A man who could spin either rhyme or metaphor and turn it into melody.
A musical marvel.
A man who wore a baseball cap like no other.
Fred motherfuckin’ Durst :

If the above face isn’t that of a lyrical genius, then I don’t know what is, friends.
The lyrics that truly changed my life and guided me along the way are :
“Hey kids, take my advice, you don’t want to step into a big pile of shit”
(Fred Durst in “My Generation” by Limp Bizkit).
Wow. Just take it in folks.
Such eloquency.
Oh no mate. You see this pile of shit right here? Well I’ll tell you one thing you don’t wanna do : step in it. Oh no. One of the last things you wanna be doing is stepping in the afore-mentioned pile of shit.

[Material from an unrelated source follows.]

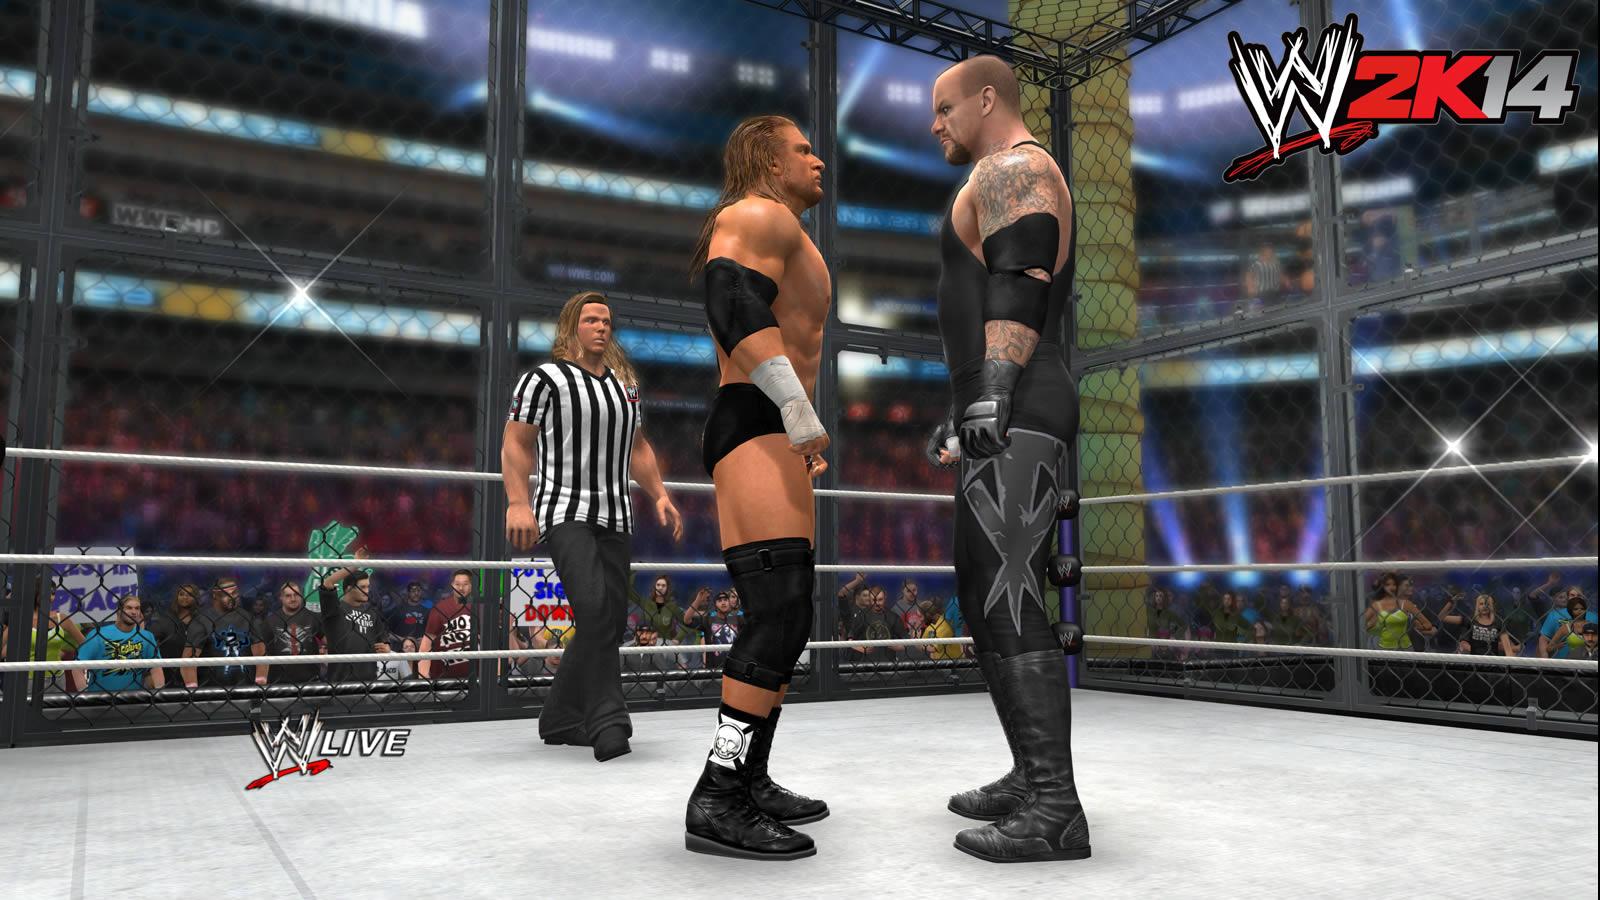 Imagenes WWE 2K14 XBOX 360

Up until I heard this song and let these words flow from my stereo and into my soul, I’d been romping around town jumping into every pile of shit I laid eyes on. Sometimes, when all the shit had been jumped in, I overate and went into my back garden, let nature take its course, and had a lovely jump around in the shit. Everyone loves their own brand yeah?
But then along came Fred. And I realised, I don’t want to step into these piles of shit.
I’d lost all my friends. They were either sick of the smell or sick of me calling around to their houses either carrying a bag of shit for jumpin’ in, or asking them if they had any shit lying around. My clothing and washing budget was through the roof. My bowels were starting to wane under the relentless pressure they were under.
No, no, no. It was all wrong. And Fred showed me the way. In the next line of the song, he tells me what I should be doing.
“Captain’s drunk, your world is Titanic. Floating on the funk, So get your groove on.“
There it is ladies and gents. I had to get my bloomin’ groove on.
Halt this mindless stepping into piles of shit! Alas, it’s time to float on the funk and get my groove on!
And that I did.
I’d groove around the village endlessly, watching the faces of the locals as they realised shitboy was no more. I was now a groovy guy. A regular cool cat I was. I’d be groovin’ and movin’, and between women choosin’. That’s a little line I made up myself there, you can see Fred’s lyrical prowess is rubbing off on me.
So thank you Mr. Durst.
Just, thank you.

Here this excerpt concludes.